I'm interested in getting the scientific names of my blast hits ran locally. I see blast+ search apps have option
-outfmt which can take
sscinames(seems new in version Blast+ 2.2.28), but even using
nt from NCBI(no luck with local databases either) I get
N\A for this specifier. Similarity for '%S' of
$ blastdbcmd -db nt -entry 229577210 -outfmt '%a || %g || %T || %S || %t' NM_001743.4 || 229577210 || 9606 || N/A || Homo sapiens calmodulin 2 (phosphorylase kinase, delta) (CALM2), mRNA
Until now I've been using taxids in a very convoluted way. I will get the GIs from my hits, then query the blast db using
blastdbcmd to get the taxid and then query the local copy of the NCBI taxonomy database with bioperl to get the scientific name. Now that I see blast+ seems to be able to directly output the scientific name, I would like to simplify things. I'm already able to simplify things a little using the also new output format specifier
staxids, so I can now get the taxid directly from the blast output.
So my questions is.
- Is there a way to build local blast databases in a way so 'sscinames' can be used to output the scientific name in blast+ results?
In a side note. If there is a way, it seems odd NCBI's
nt is not built using it. At least that is the case for the version I got from Jul 11 2013.
Thanks in advance,
EDIT: I found I can now use
staxids to simplify my life a little. Some additional question formatting. NT updated to version from Jul 11.

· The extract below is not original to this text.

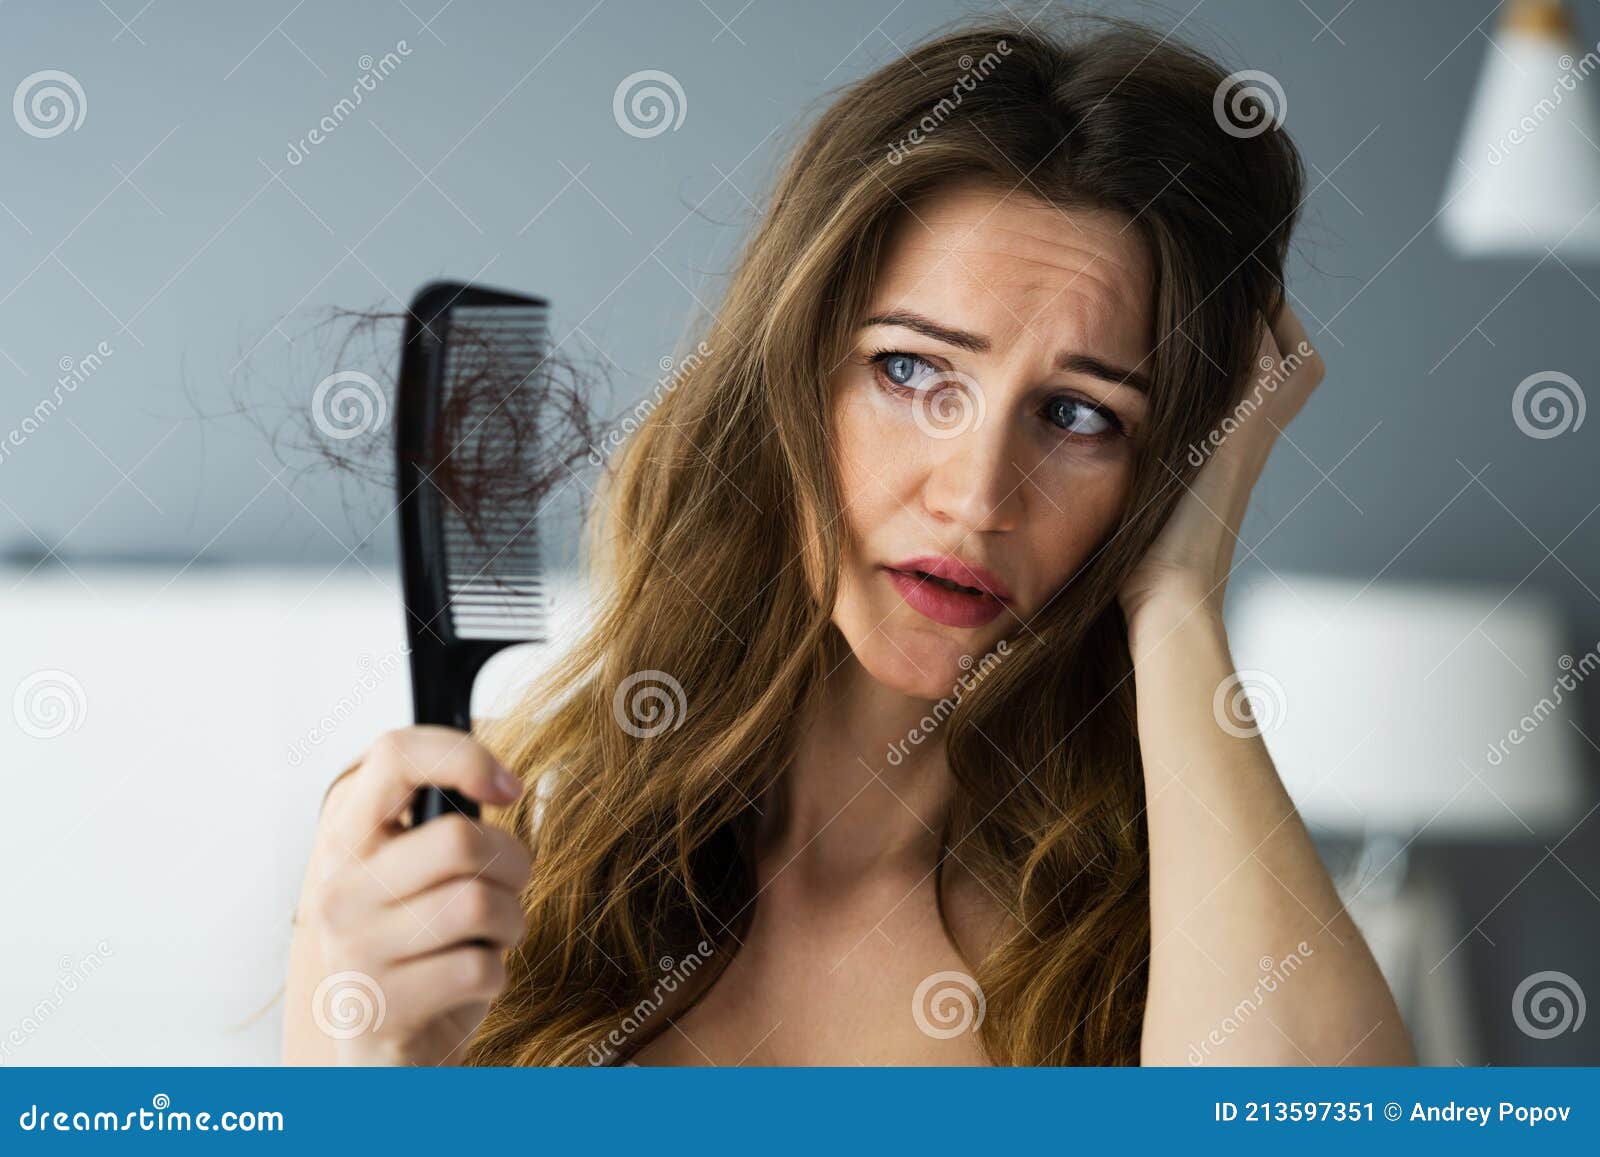 Woman Suffering from Hairloss Stock Image - Image of comb, hairloss:  213597351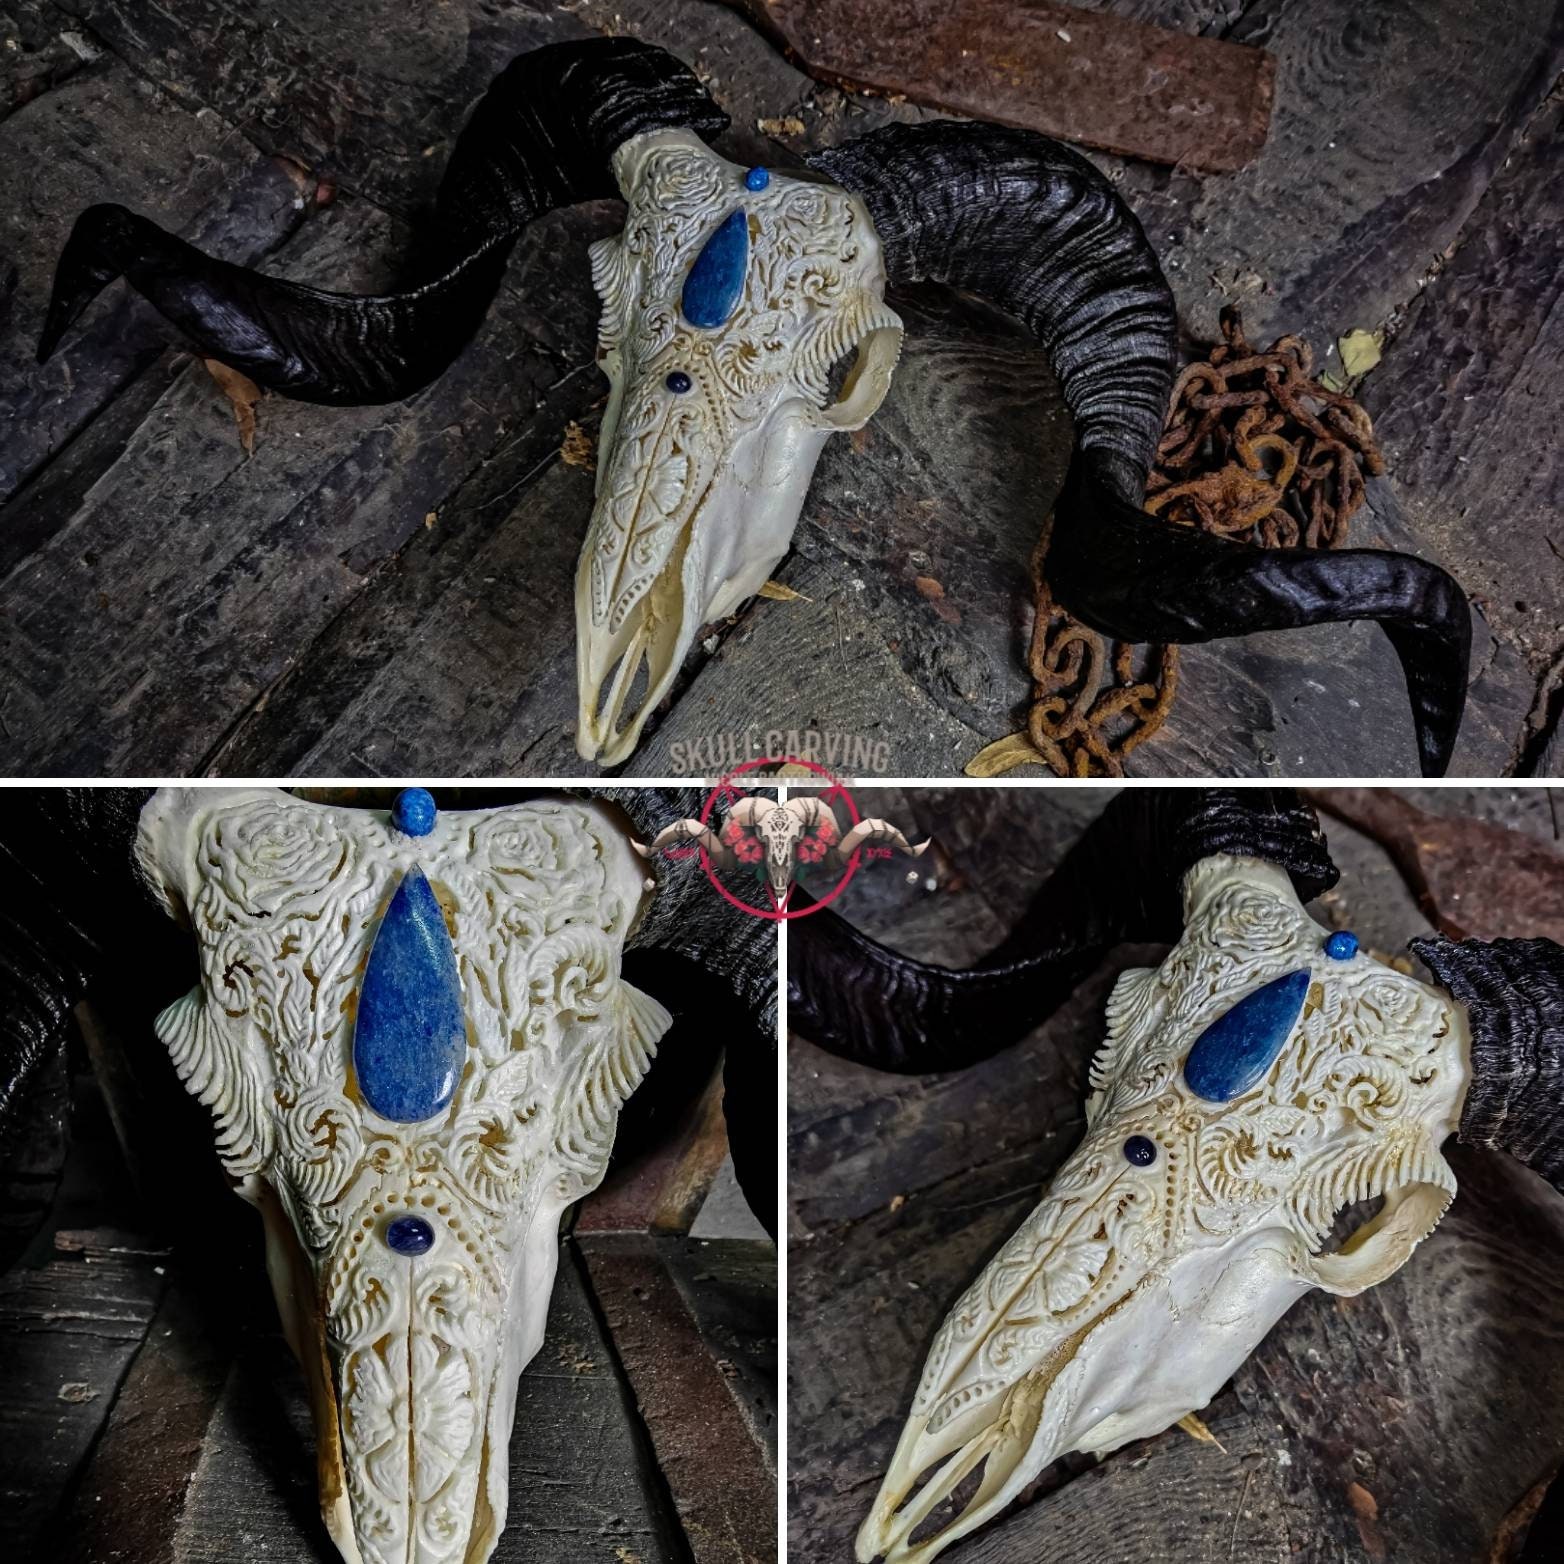 Made To Order Real Ram Skull Nice Big Horns Antlers With Real Blue Stone Cabochon Ornaments Filigree Sculpture Roses Gift Idea Christmas Art

Generally the sequence headers are taken from the fasta sequences. So if the fasta header has the info then blast output will display it.
makeblastdbis used to create a local database.
Sorry, but I think it is more complicated than that. For example, the taxid won't be parsed from the fasta header. If you want your locally build blast database to have taxid information for each record, you need to provide a gi to taxid map file. You can do this using
-taxid_map. My question is how can I now include scientific names when building a blast database so I can use the new output format specifier
Since the input has to include the information for it to be available in the BLAST database, I suspect this is one of the cases where you have to build the BLAST database from ASN.1 format data. However as you have noticed it appears that the BLAST databases provided by NCBI, at least 'nt' and 'nr' are missing the additional information for '%S' (and '%L').
This could be related to compatibility with the legacy NCBI BLAST programs, might be a decision made due to the resulting increase in database file size or it could be that the methods used to create these databases have problems with including this information. In either case it looks like your best bet is to contact the BLAST folks at NCBI (see http://blast.ncbi.nlm.nih.gov/Blast.cgi?CMD=Web&PAGE_TYPE=BlastDocs) and see if they can help with further information about which of their databases contain this information, and how to create your own databases containing this data.